WHAT IS REQUIRED:
Every line between the one containing "Jurassic World - Tyrannosaurus" and the last line of the data, both included, is to be set down exactly, and pictures are to be omitted.

PROVIDED DATA:
== Segment start ==

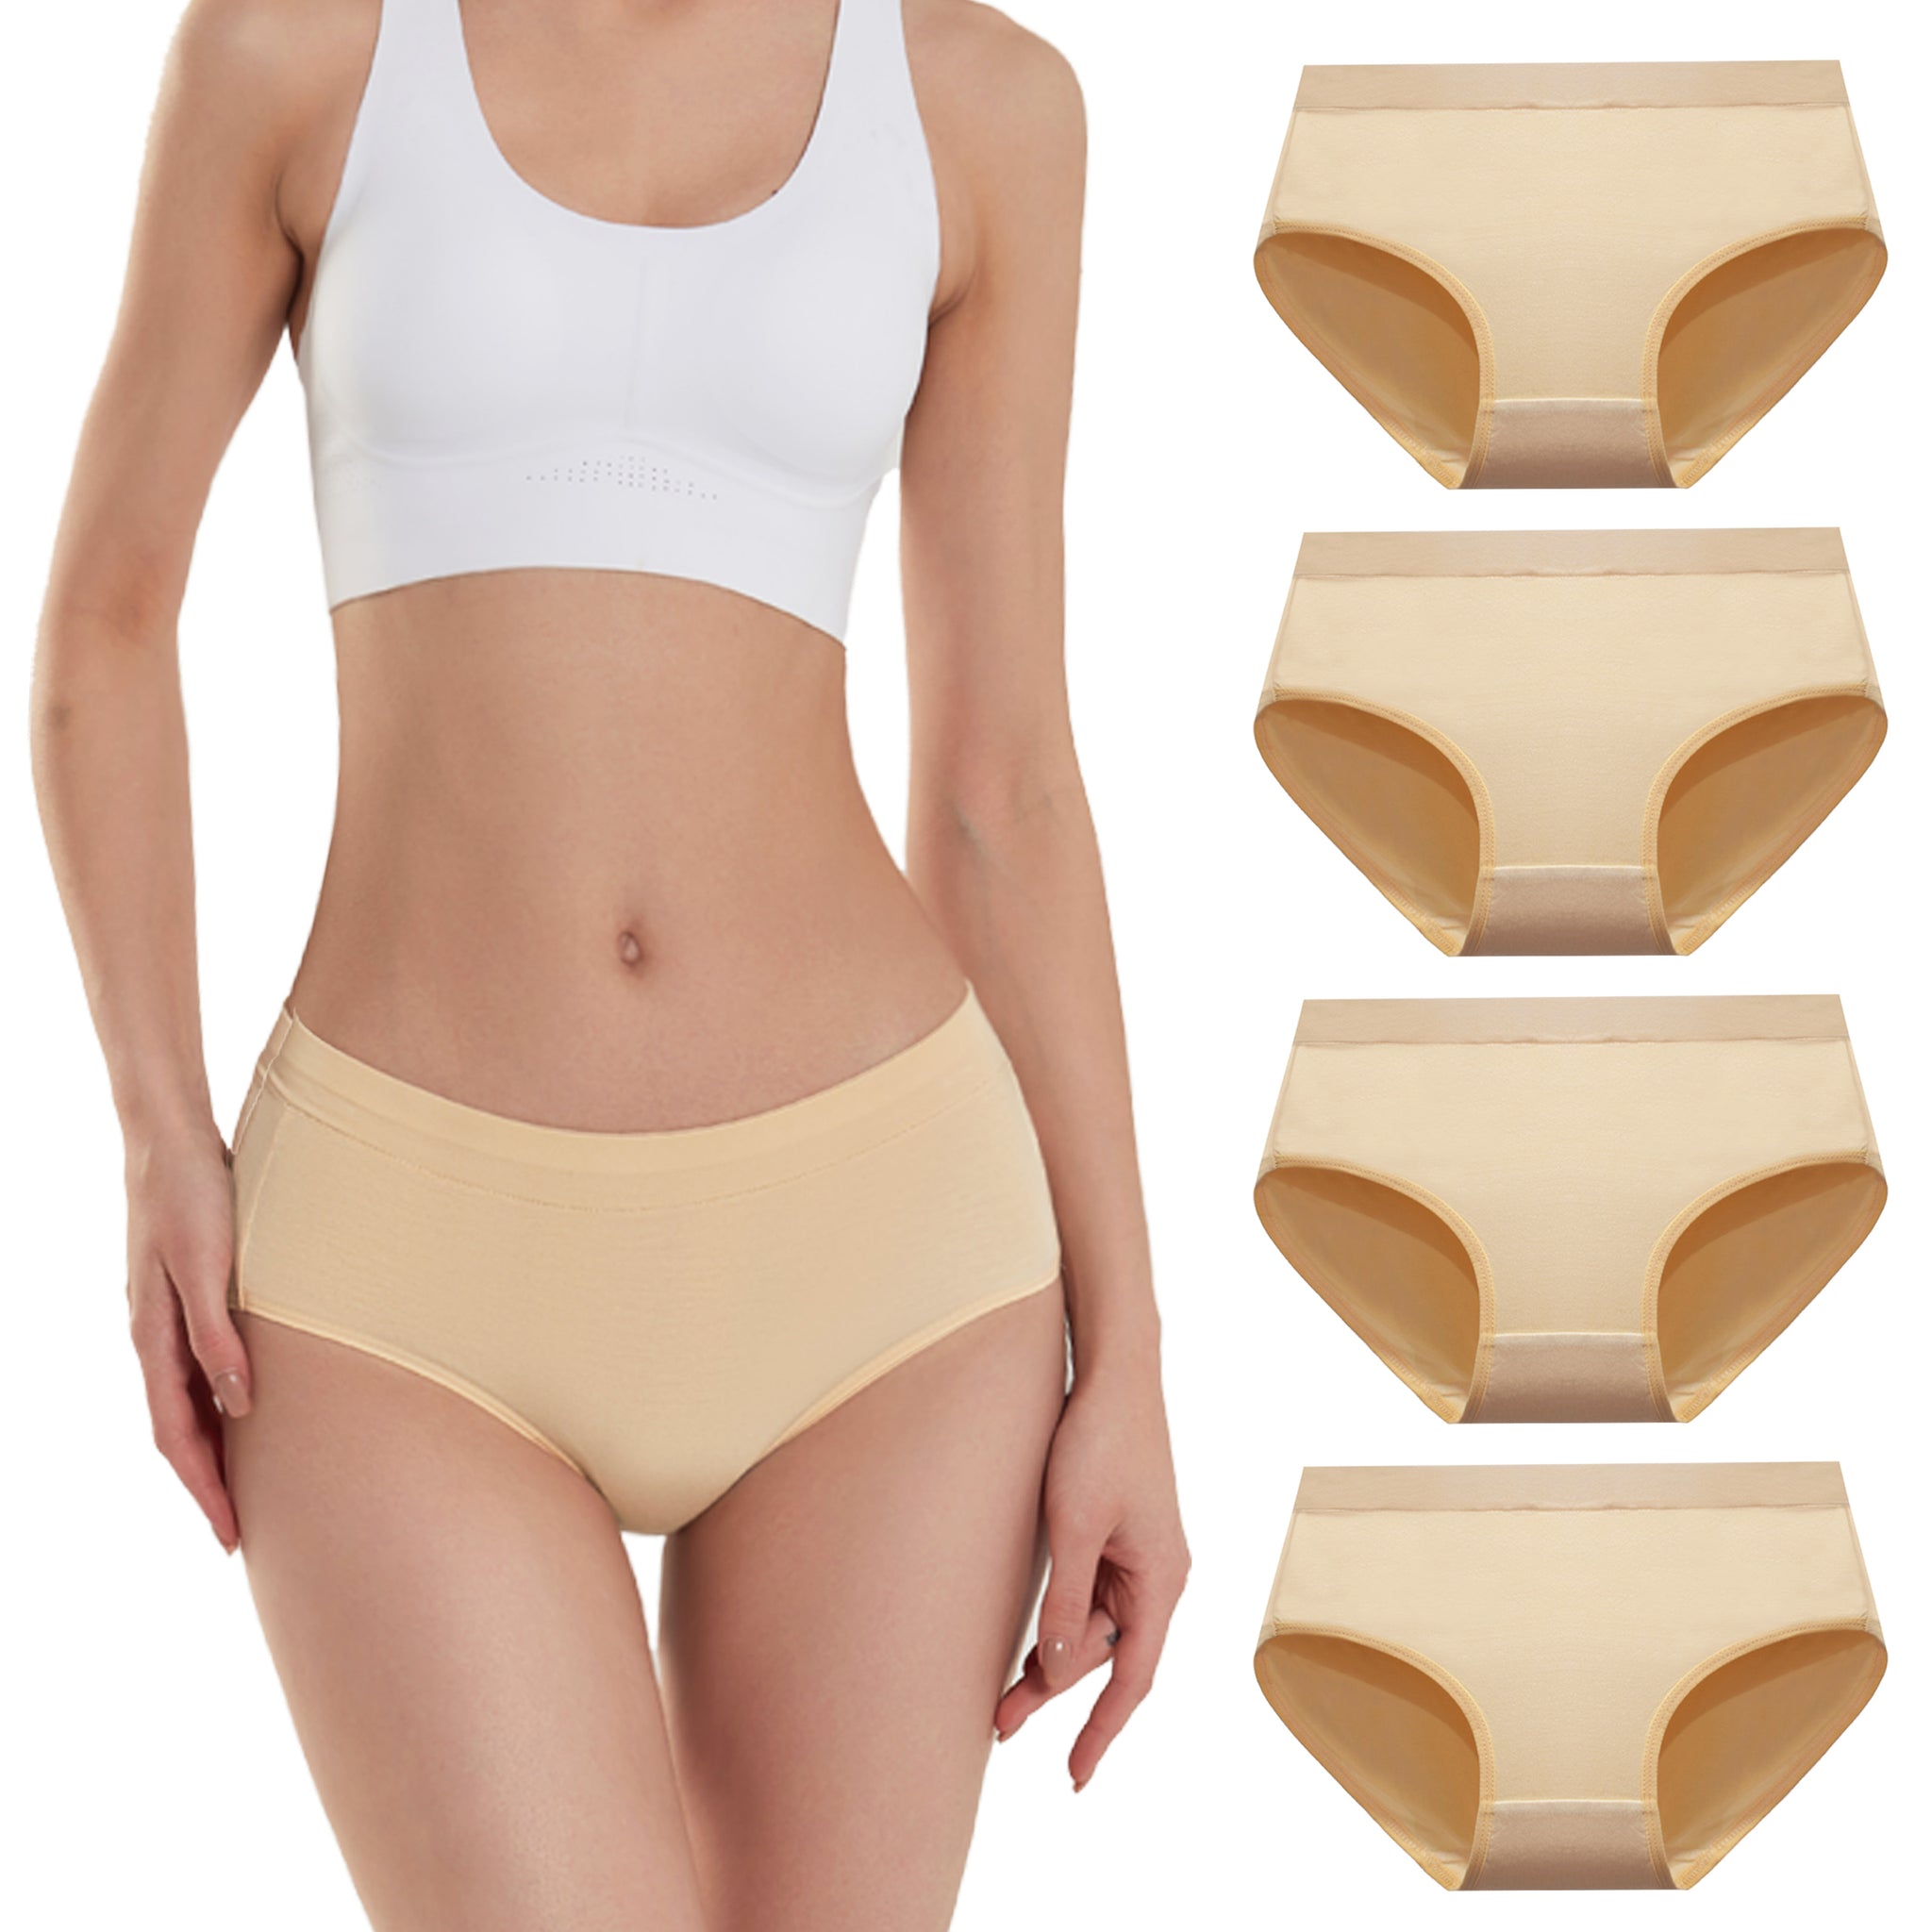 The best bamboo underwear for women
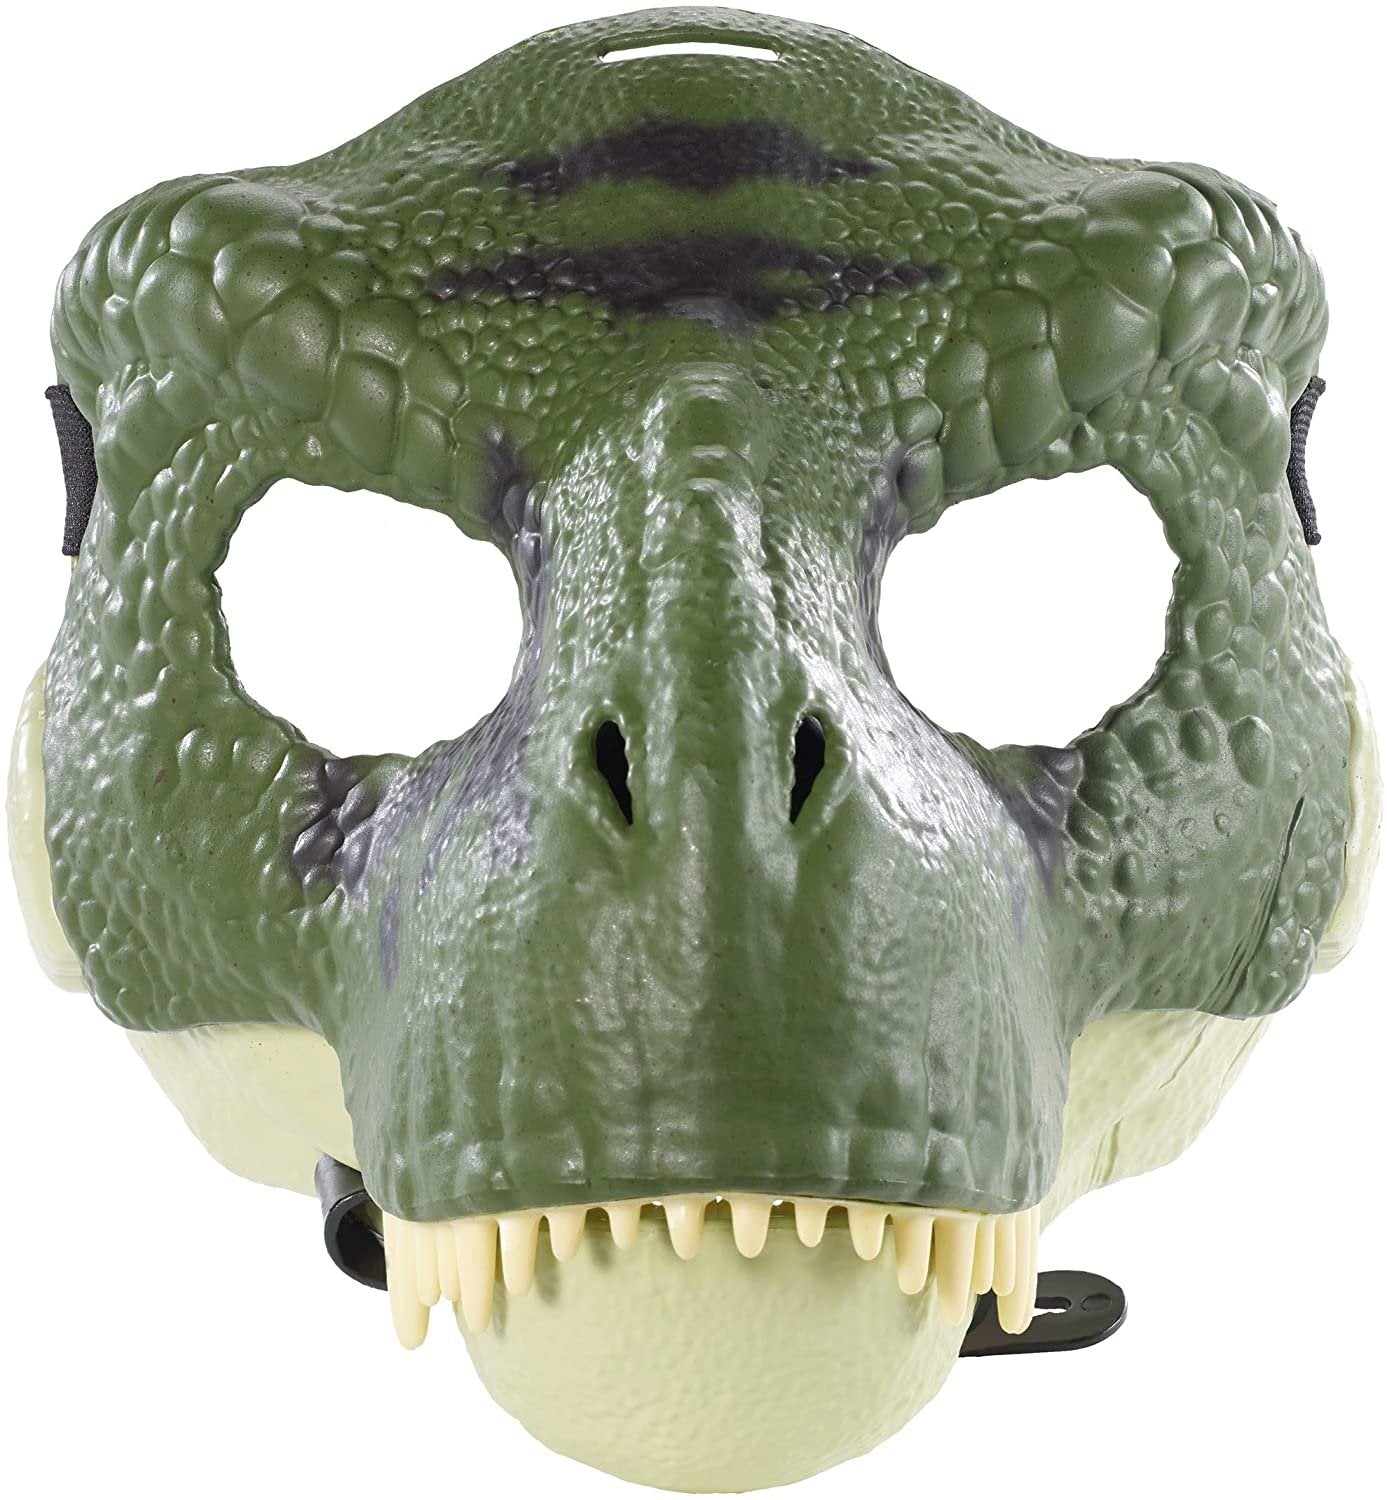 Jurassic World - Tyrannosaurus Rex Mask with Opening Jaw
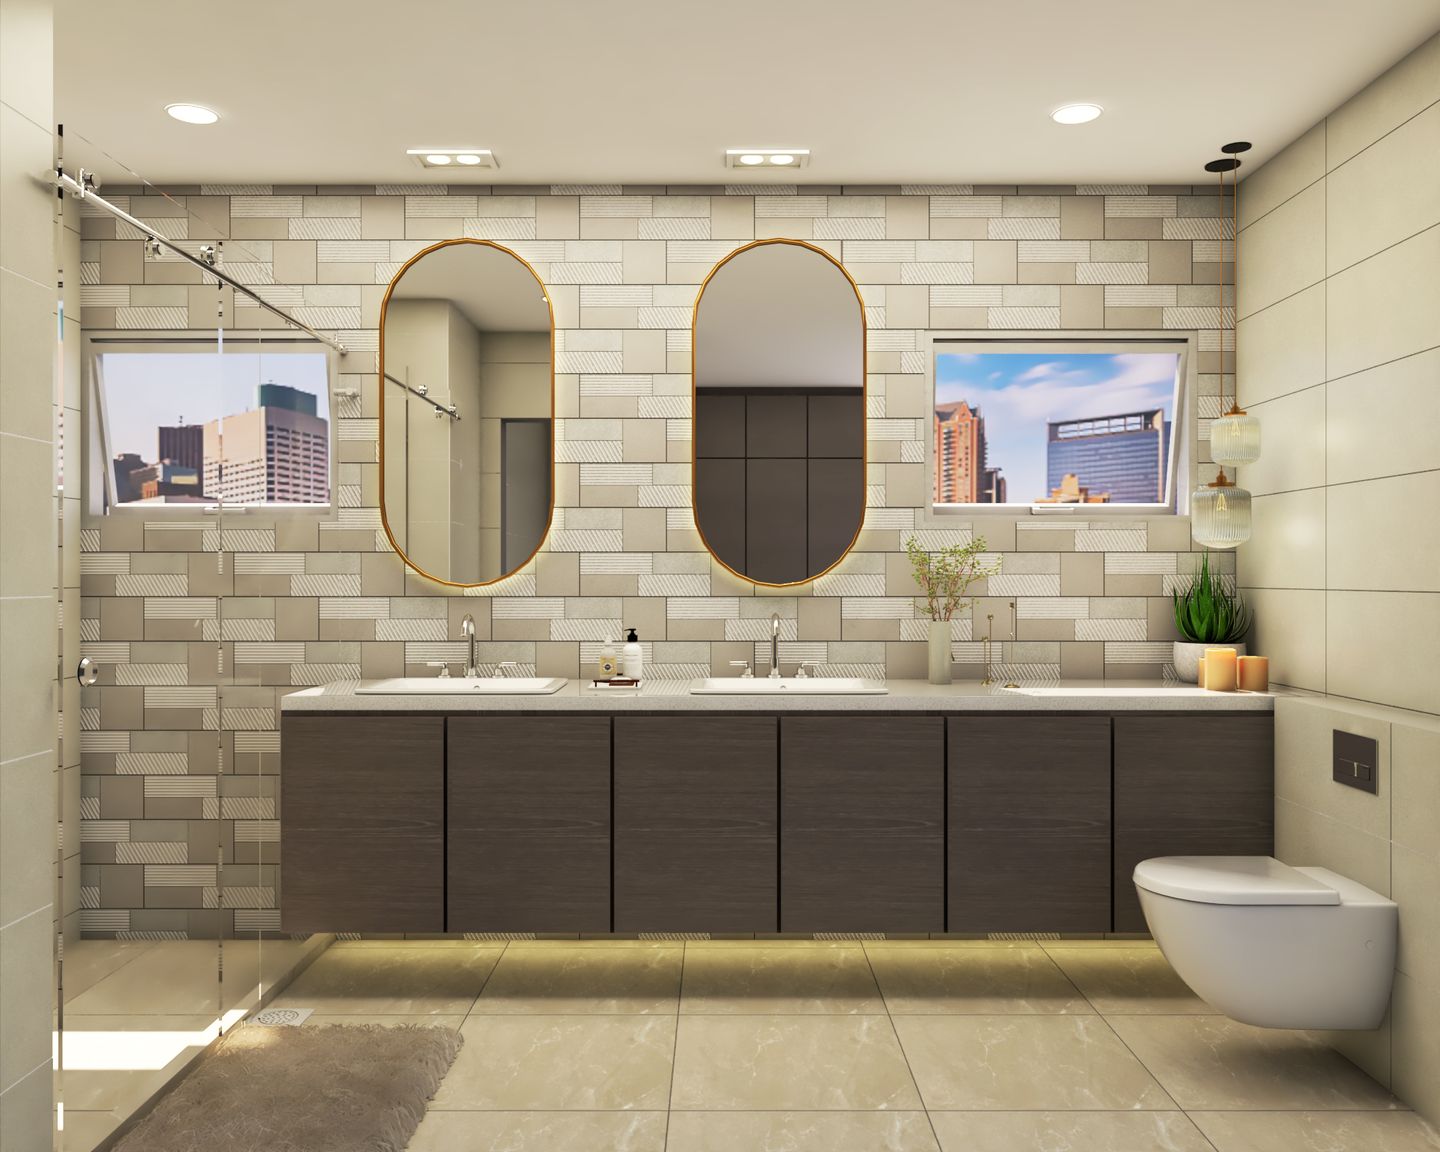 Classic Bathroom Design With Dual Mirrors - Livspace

== Segment end ==

RESULT BELOW:
 Jurassic World - Tyrannosaurus Rex Mask with Opening Jaw
 Classic Bathroom Design With Dual Mirrors - Livspace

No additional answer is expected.